In fact, most of the work you'll do in learning how to use a web service is learning how to construct and manipulate URLs. A quick glance through the documentation for web services like Twitter and Delicious reveals that the bulk of the documentation is just a big list of URLs, with information on how to adjust those URLs to get the information you want.

HTML, XML, web services and "web APIs"

The most common format for documents on the web is HTML (HyperText Markup Language). Web browsers like HTML because they know how to render as human-readable documents---in fact, that's what web browsers are for: turning HTML from the web into visually splendid and exciting multimedia affairs. (You're looking at an HTML page right now.) HTML was specifically designed to be a tool for creating web pages, and it excels at that, but it's not so great for describing structured data. Another popular format---and the format we'll be learning how to work with this week---is XML (eXtensible Markup Language). XML is similar to HTML in many ways, but has additional affordances that allow it to describe virtually any kind of data in a structured and portable way.

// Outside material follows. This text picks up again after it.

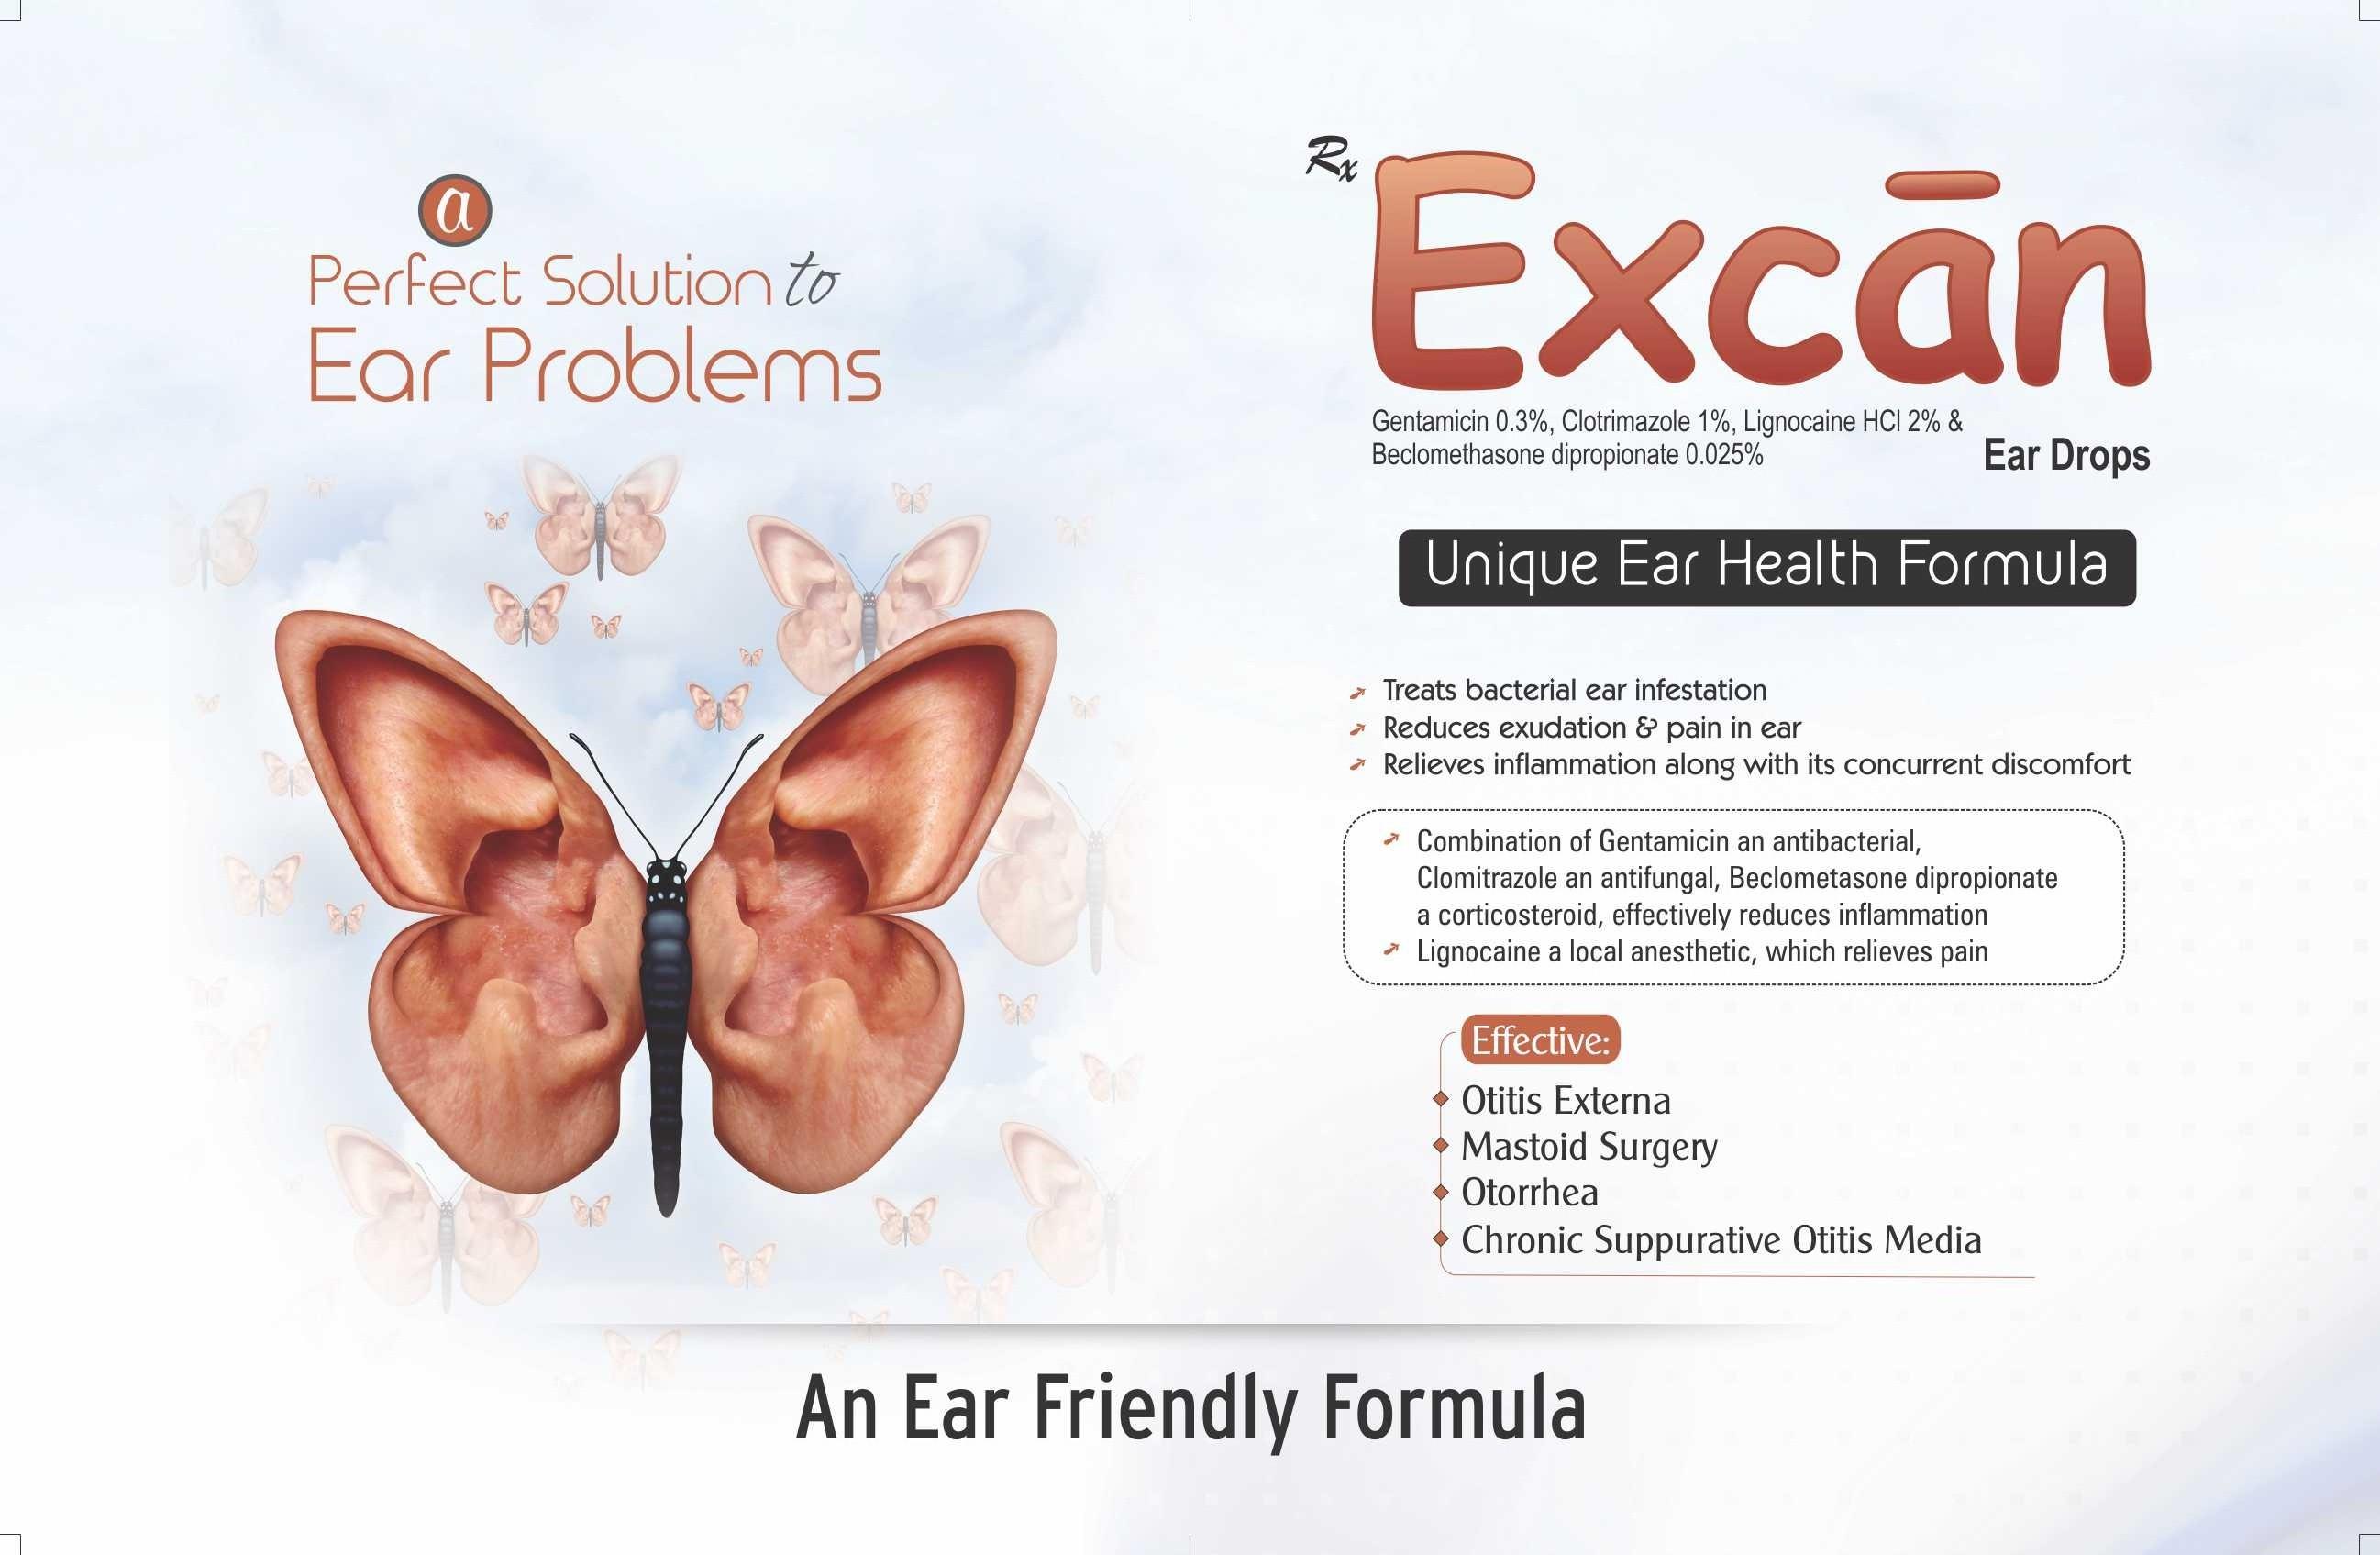 Excan-Ear

Roughly speaking, whenever a web site exposes a URL for human readers, the document at that URL is in HTML. Whenever a web site exposes a URL for programmatic use, the document at that URL is in XML. (There are other formats commonly used for computer-readable documents, like JSON. But let's keep it simple for now.) As an example, Twitter has a human-readable version of its public timeline, available at the following URL:

http://twitter.com/public_timeline

But Twitter also has a version of its public timeline designed to be easily readable by computers. This is the URL, and it returns a document in XML format:

http://twitter.com/statuses/public_timeline.xml

Every web site makes available a number of URLs that return human-readable documents; many web sites (like Twitter) also make available URLs that return documents intended to be read by computer programs. Often---as is the case with Twitter, or with sites like Metafilter that make their content available through RSS feeds---these are just two views into the same data.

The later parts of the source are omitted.